Published on 22 February 2011 at 13:45

Within the next two months, the citizens of Iceland will turn out for a referendum on the agreement reached by their government and authorities in the UK and the Netherlands to settle accounts in the wake of the financial meltdown in the autumn of 2008. Although it benefited from a clear majority in parliament -- the law outlining the terms for the agreement had been passed by 44 votes to 16 -- on 20 February, President Olafur Ragnar Grimson made use of his veto for the second time in 12 months to block the legislation. As a result, the plan to reimburse close to €3.9 billion paid out by London and The Hague in the wake of the collapse of the online bank Icesave will once again be subject to a referendum.

“Will this latest development (…) have an impact on Iceland’s accession to the European Union?” wonders Le Soir. In spite of “threats from London and The Hague to slow down or even block negotiations on the island’s entry into the EU,” the “huge ‘no vote’ (93%) in the referendum on the first version of the agreement in 2010 did not prevent the opening of accession negotiations in July” of last year. Interviewed by the Belgian daily, political scientist Baldur Thorhallsson explains that the British, who responded angrily to the first referendum, “were nonetheless accommodating, because they would like to have a new eurosceptic ally in the EU.”

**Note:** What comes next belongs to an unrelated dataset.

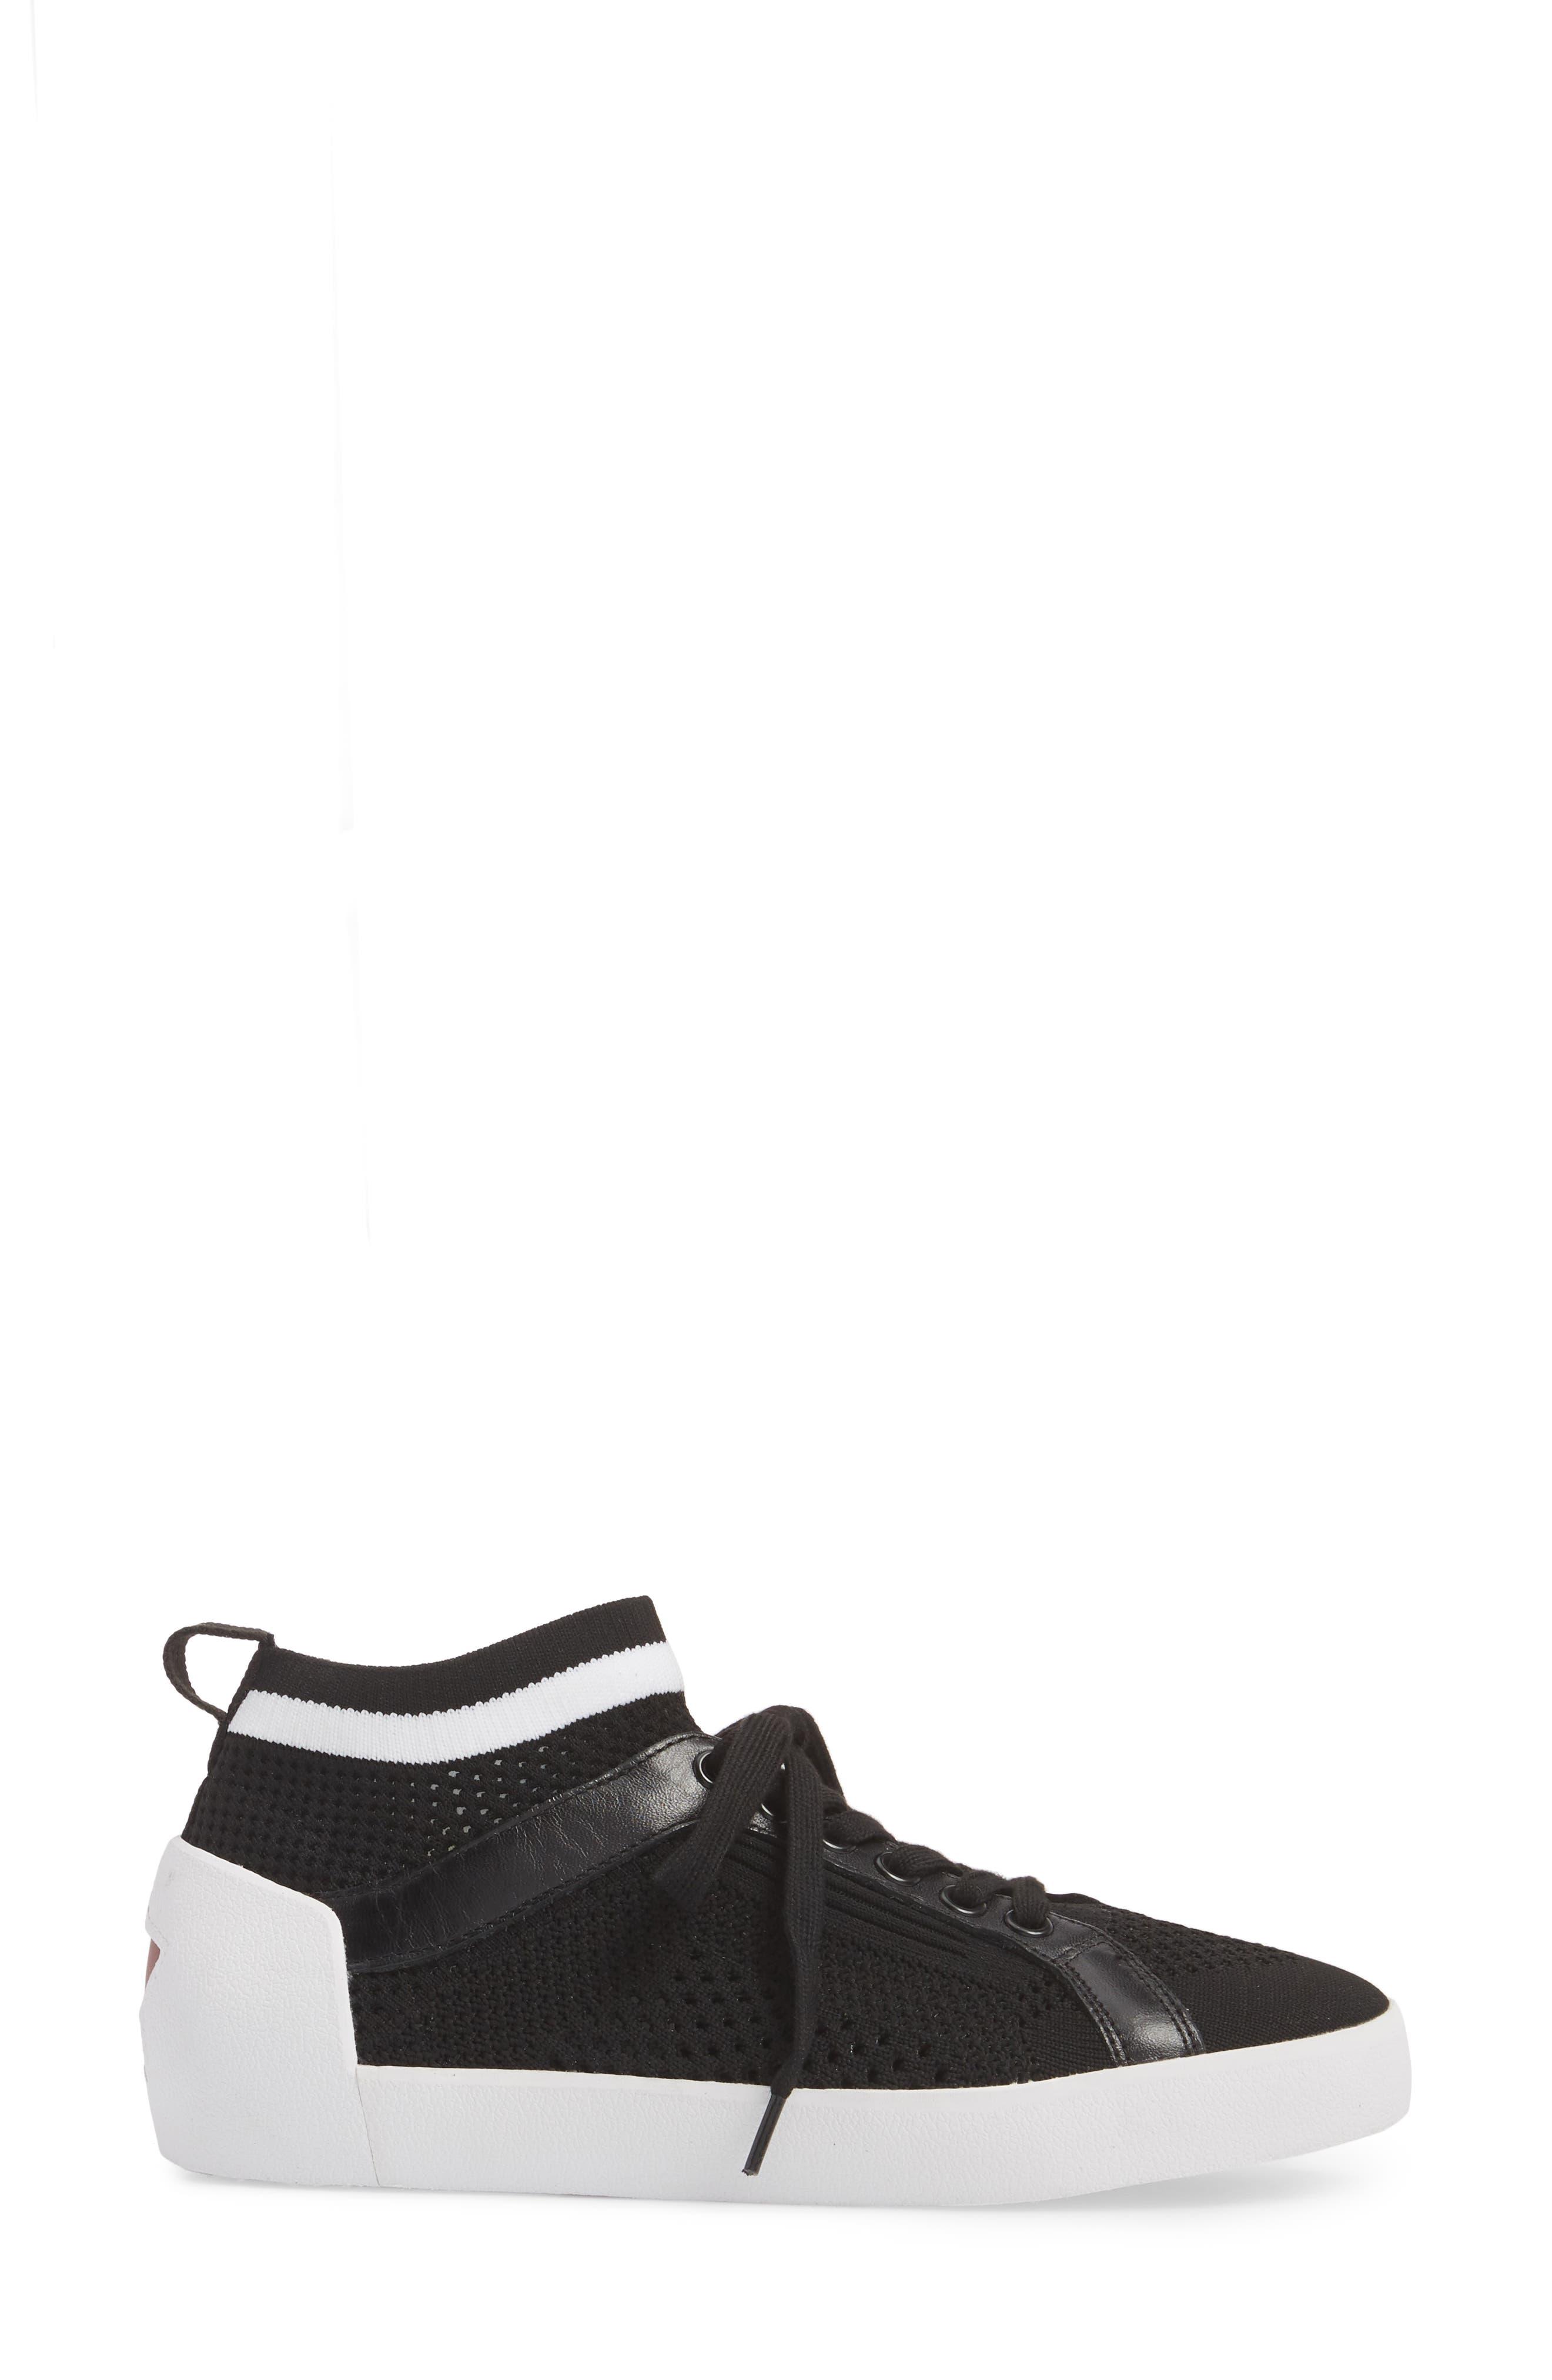 Nolita Mid Top Sock Sneaker,                             Alternate thumbnail 3, color,                             001
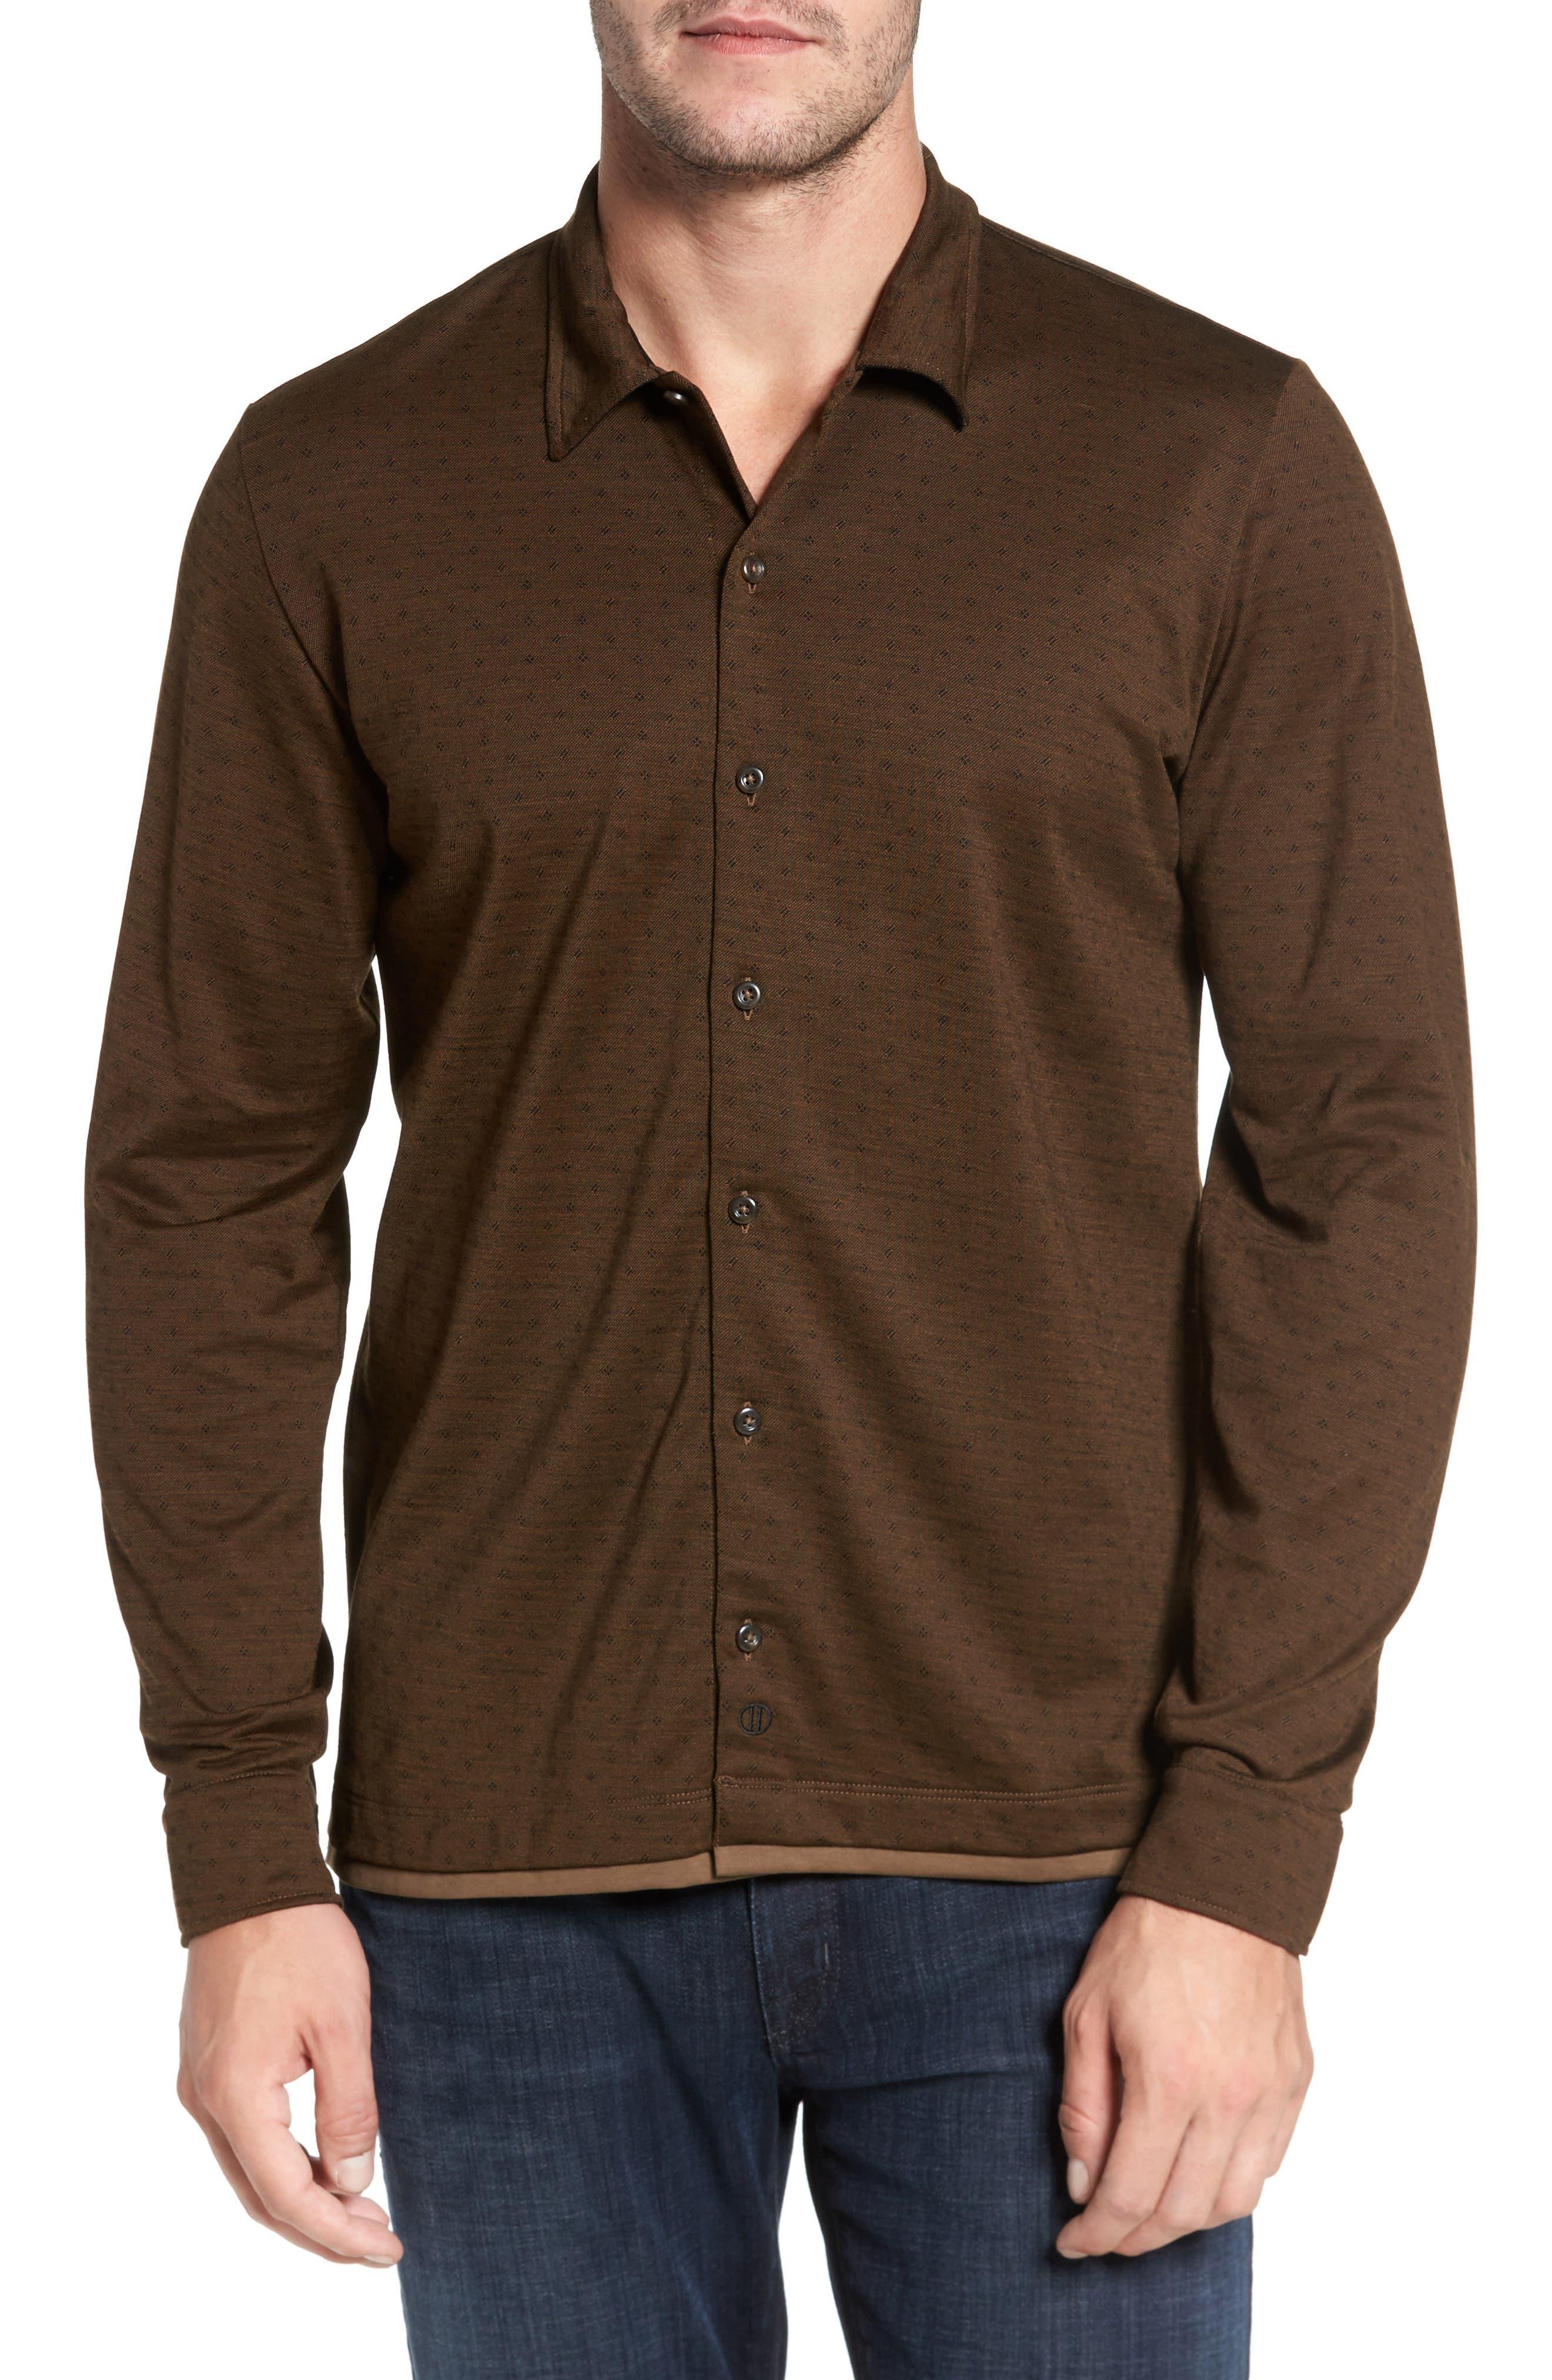 Alternate Image 1 Selected - David Donahue Jacquard Knit Sport Shirt

Polling company director Olafur Gylfason points out that the Icelanders “draw a clear distinction between the Icesave affair and the issue of EU membership.” Icelandic public opinion has changed significantly since the financial crisis, continues Le Soir. “Amid the initial panic, many people believed that Europe would provide a safeguard for the future of the island,” explains Gylfason, but “they are less enthusiastic. Only 18% of the population judge the EU to be credible, and the fate of accession plans, which have divided the country’s centre-left government, will be determined by the very sensitive issue of fishing rights.